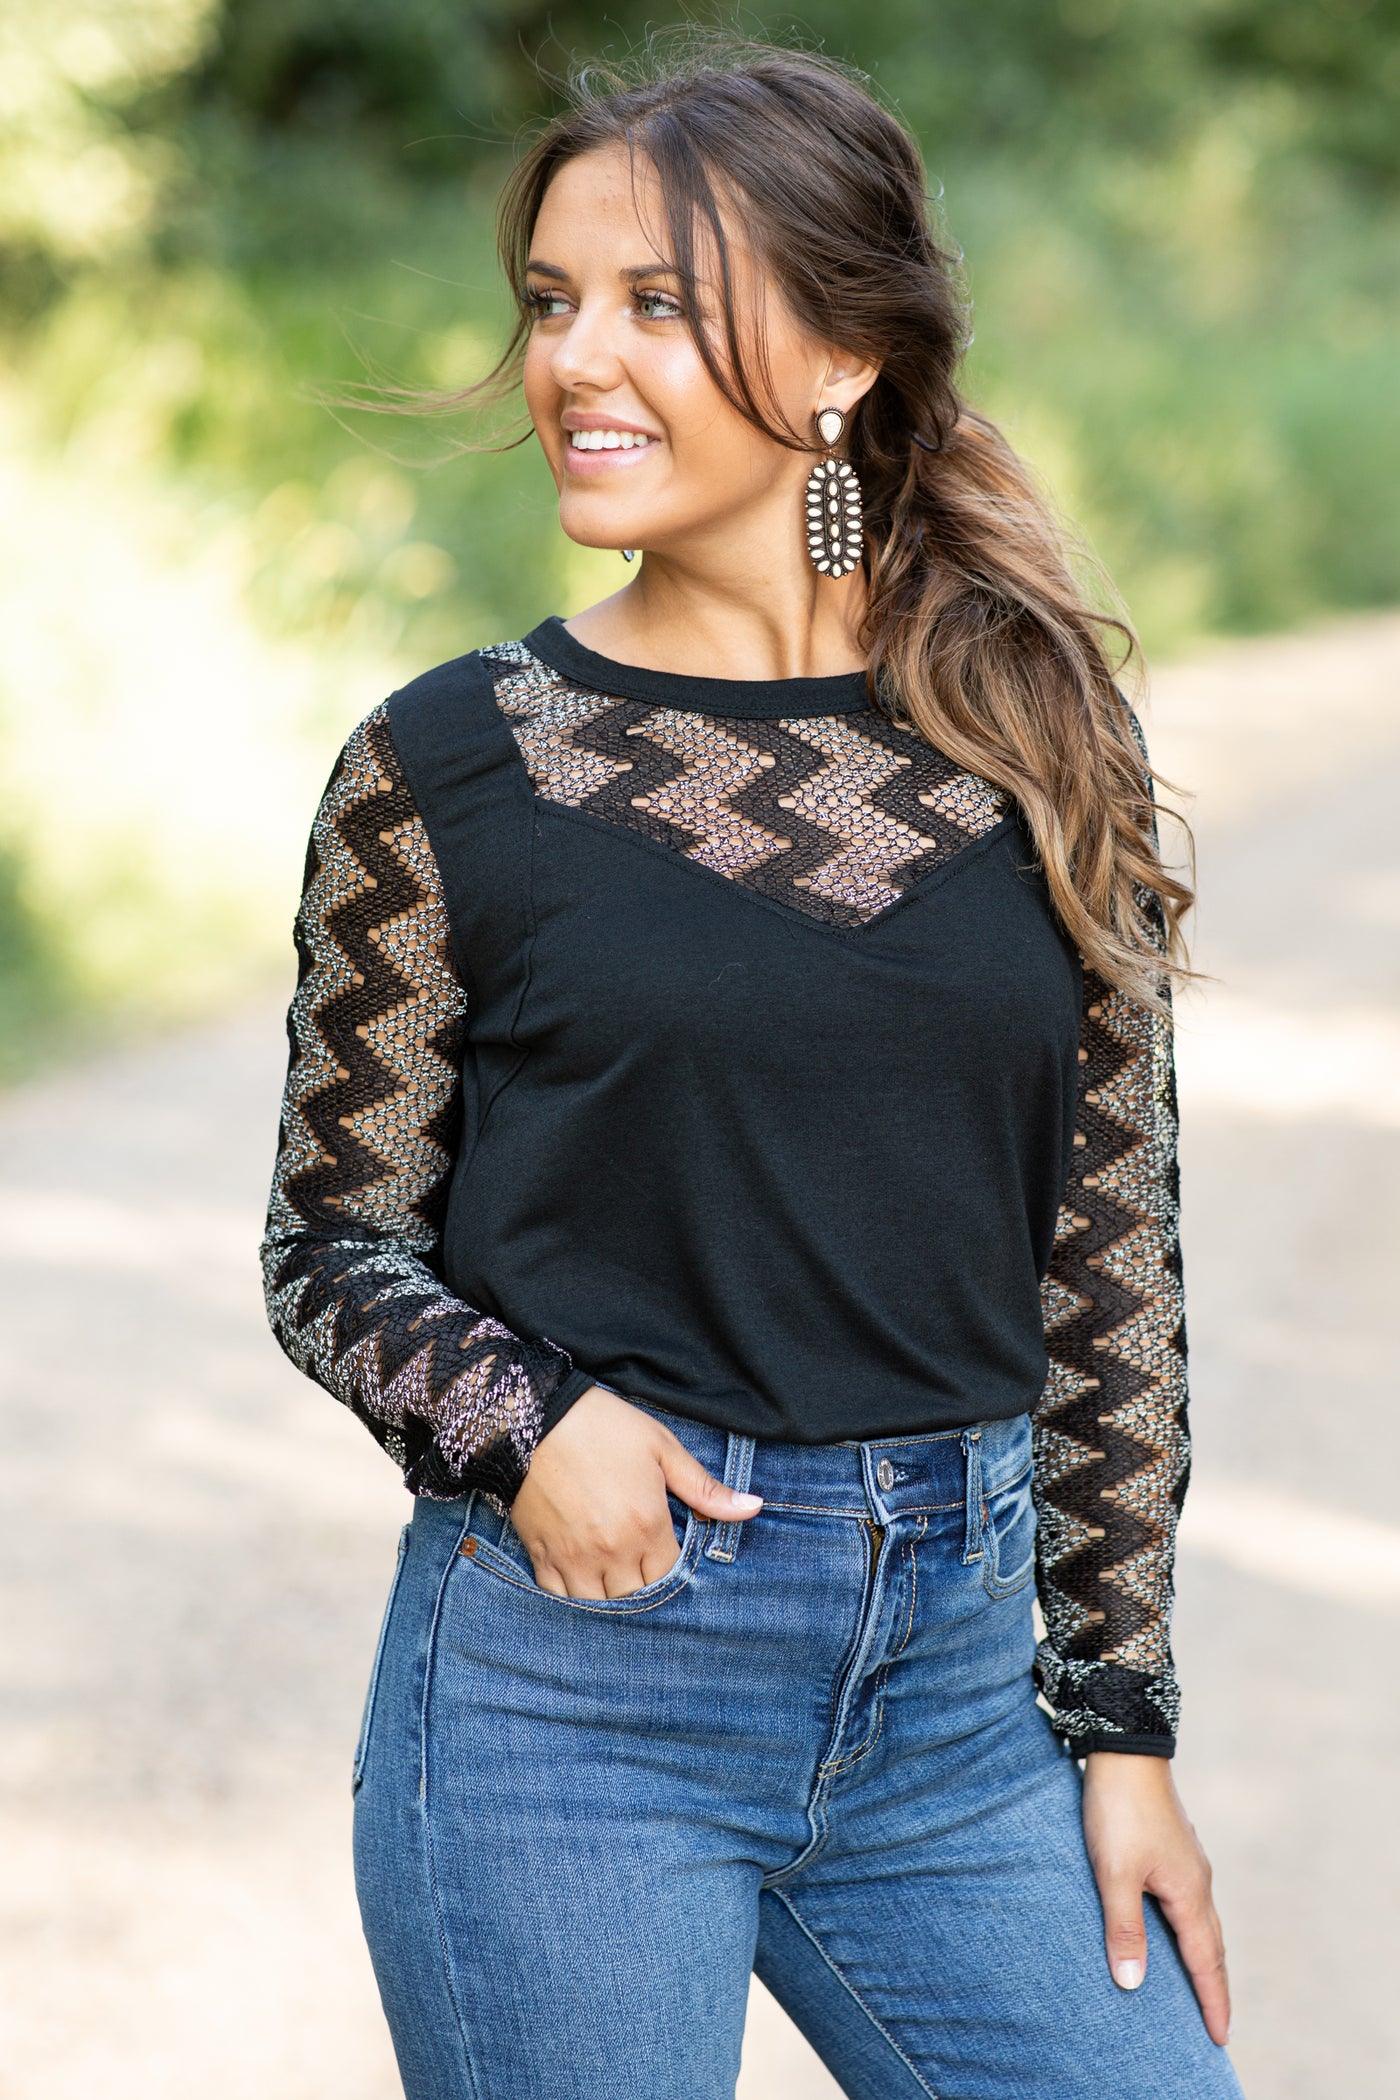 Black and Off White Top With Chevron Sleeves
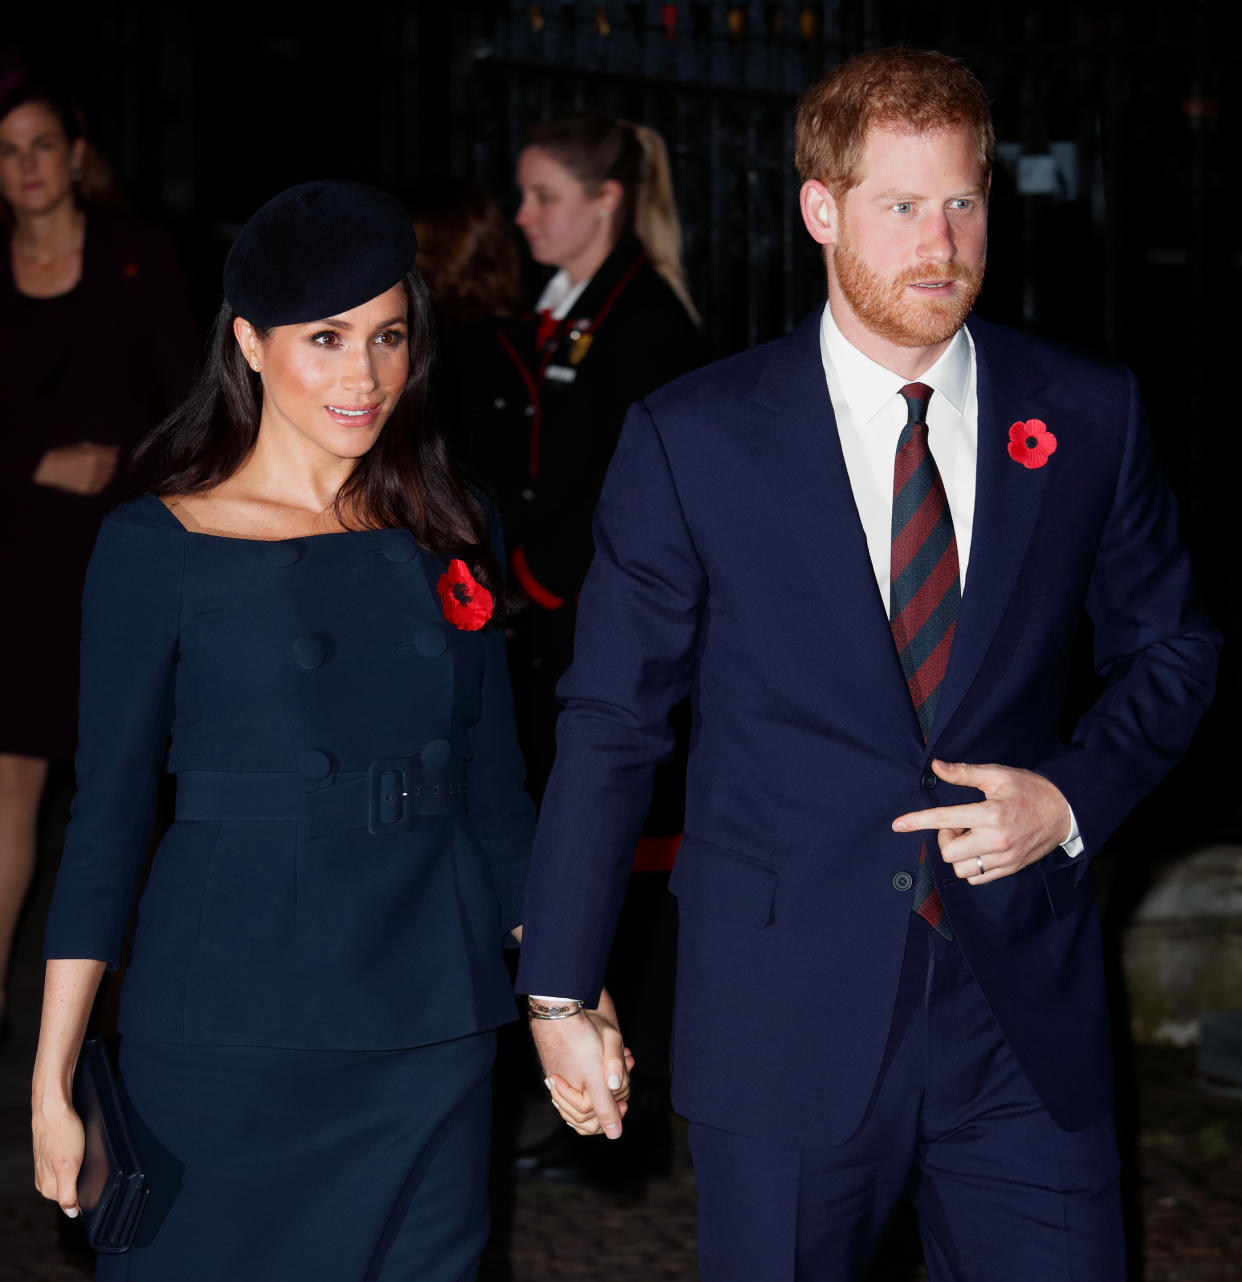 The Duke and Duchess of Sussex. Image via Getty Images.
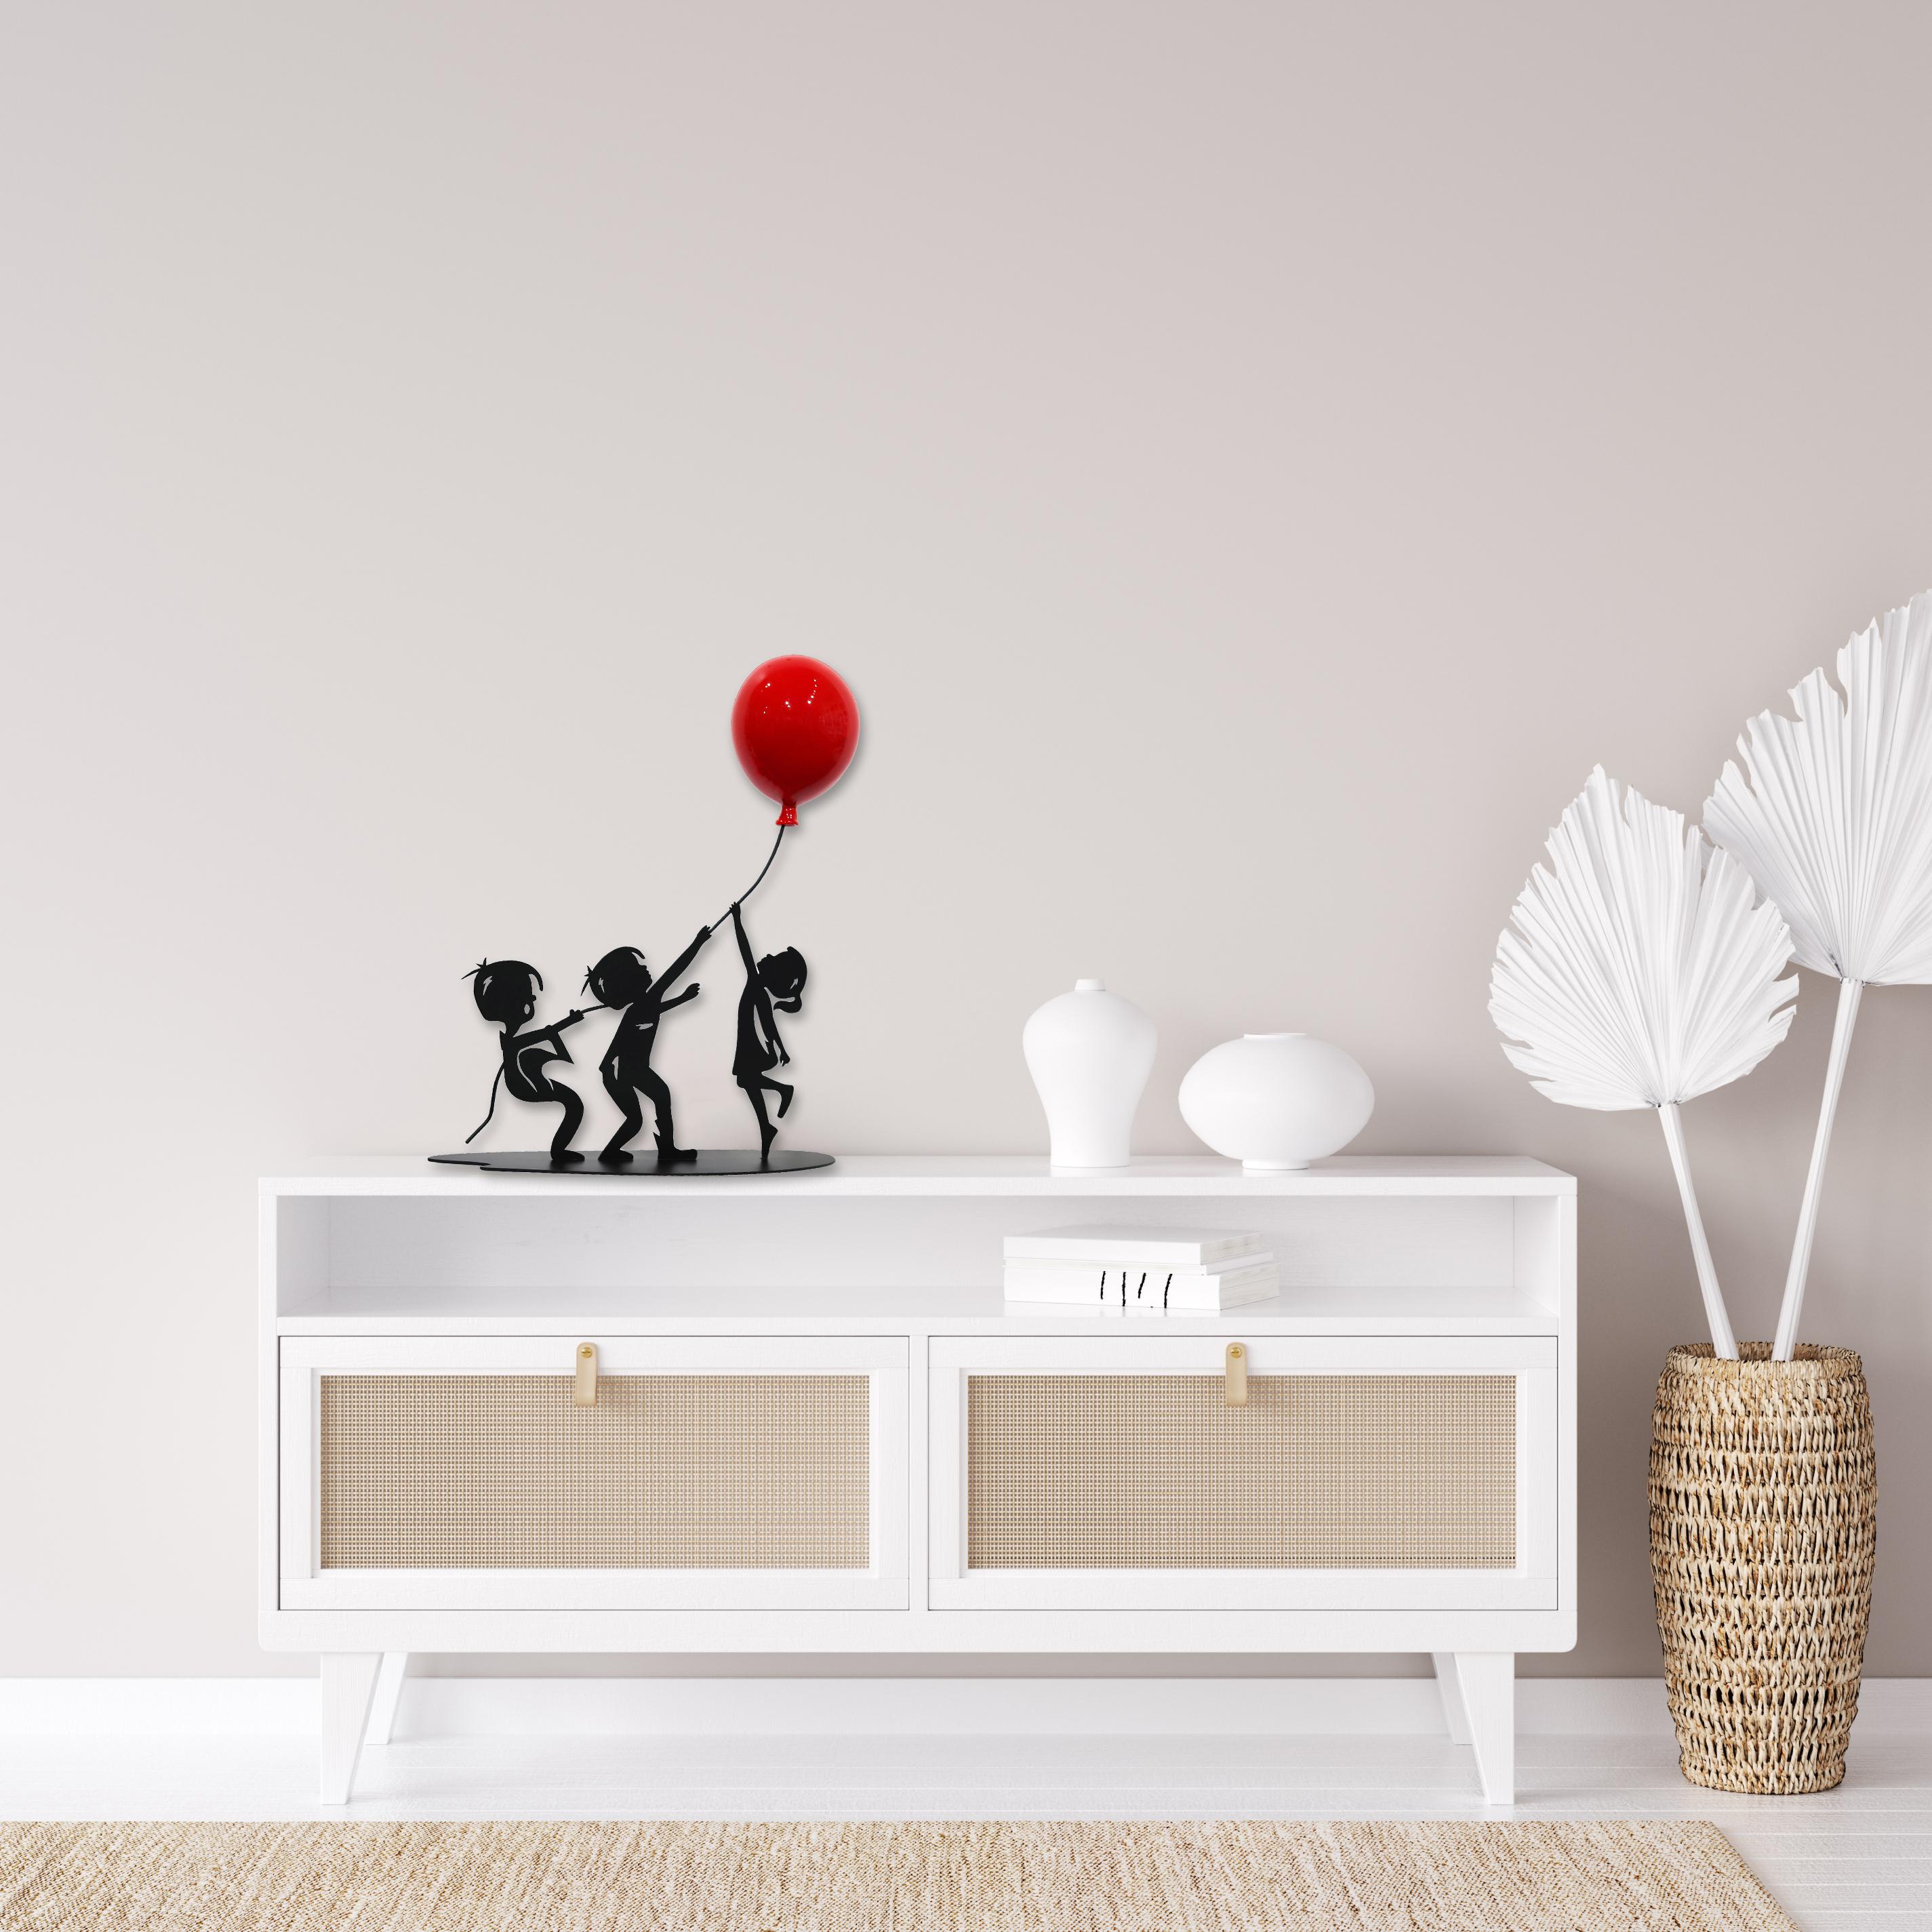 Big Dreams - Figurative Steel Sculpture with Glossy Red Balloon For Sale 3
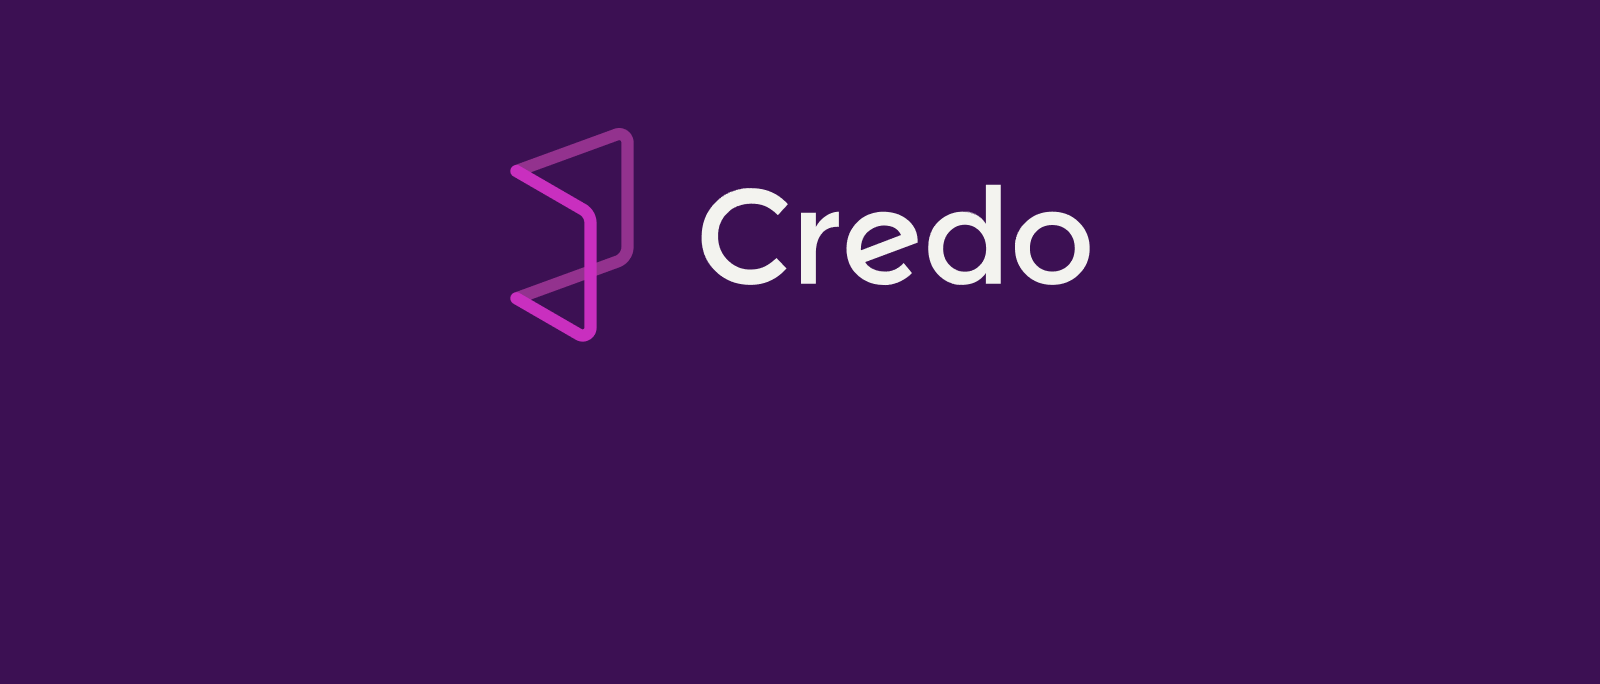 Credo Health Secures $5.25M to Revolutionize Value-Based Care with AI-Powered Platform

———

# WHAT IS NEEDED
Your reply should consist solely of the lines from the one containing "The Duke and" through the last line of the material, reproduced exactly and without pictures.

# SOLUTION
 The Duke and Duchess of Sussex. Image via Getty Images.
 Big Dreams - Figurative Steel Sculpture with Glossy Red Balloon For Sale 3
 Credo Health Secures $5.25M to Revolutionize Value-Based Care with AI-Powered Platform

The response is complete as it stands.